The practical consequence for renters is stark. Average monthly rent for a 60-square-metre apartment in Exarcheia, once a reliable reservoir of affordable housing, has reached €950 according to Spitogatos data from May 2026 — up 38 percent from 2022. The Athens Tenants Union, which has been lobbying the municipality since March, is pushing for a zoning amendment that would prohibit new short-term rental licences in any neighbourhood where the rental vacancy rate falls below 3 percent. The City of Athens has not yet scheduled a vote on the proposal.
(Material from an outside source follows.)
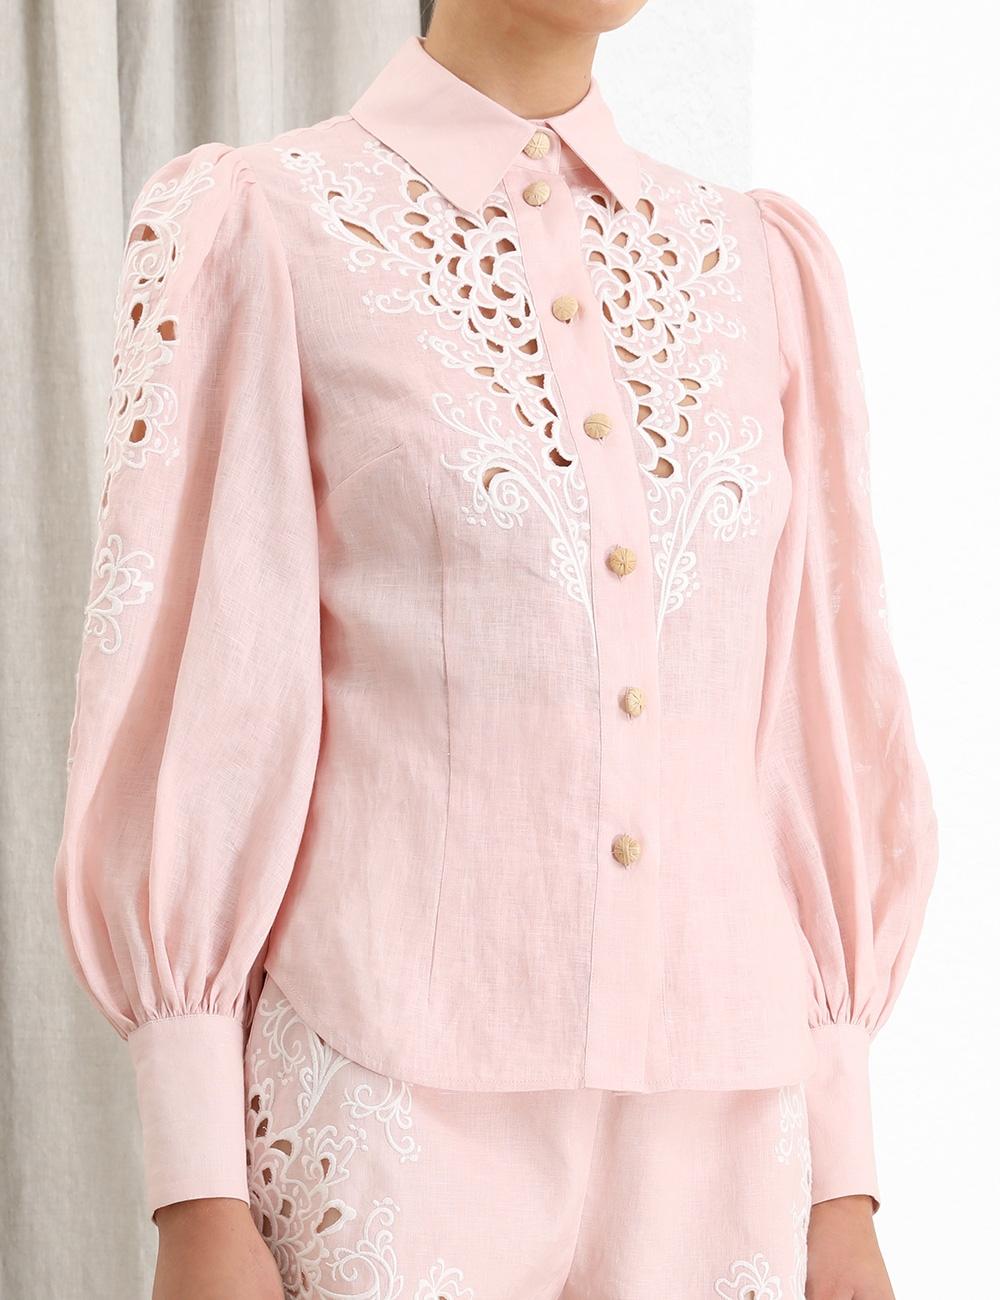 Zimmermann Freja Embroidery Shirt in Blossom (Pink) | Lyst

The metro is the other clock ticking. The long-delayed Line 4 extension, connecting Alsos Veikou to the Goudi district, was supposed to begin passenger service trials in the first quarter of 2026. Attiko Metro S.A. has now pushed the trial date to October, and transport ministry officials have declined to guarantee it publicly. Commuters on the 608 and 732 bus routes, which serve the same corridor, have seen service cuts since April while the construction phase continues along Ethnikis Antistaseos Avenue.
Acropolis Crowds and the Marbles: Two Questions, One Summer
The Central Archaeological Council is expected to deliver its recommendation on daily visitor caps at the Acropolis site by July 20. The current ceiling of 20,000 visitors per day is widely regarded by site managers and the Acropolis Museum as insufficient — internal documentation circulated in May suggested the path to the Propylaea is sustaining structural micro-vibration damage on peak days when the count approaches that limit. A cap of 14,000 has been floated, which would require an advance-booking system similar to the one Athens tested at the Kerameikos archaeological site in 2024.
Separately, the British Museum's board meets again in September to consider Greece's standing request for the return of the Parthenon Sculptures. The Greek Culture Ministry has not publicised its next formal step, but sources within the ministry have indicated Athens plans to submit a revised legal memorandum before that September session. Whether the British Museum moves or stalls again will partly depend on political winds in London, where the new government has been non-committal.
For residents and businesses, the next two months demand attention to specific dates. The AADE short-term rental deadline is September 1. The Acropolis cap recommendation lands July 20. The metro trial window opens — if the schedule holds — in October. And the housing vacancy zoning vote, if the municipality schedules it at all, will almost certainly happen before the parliamentary recess ends in mid-September. Anyone with a stake in any of these outcomes — landlord, renter, tour operator, commuter — has roughly six weeks to make their case to the people making the calls.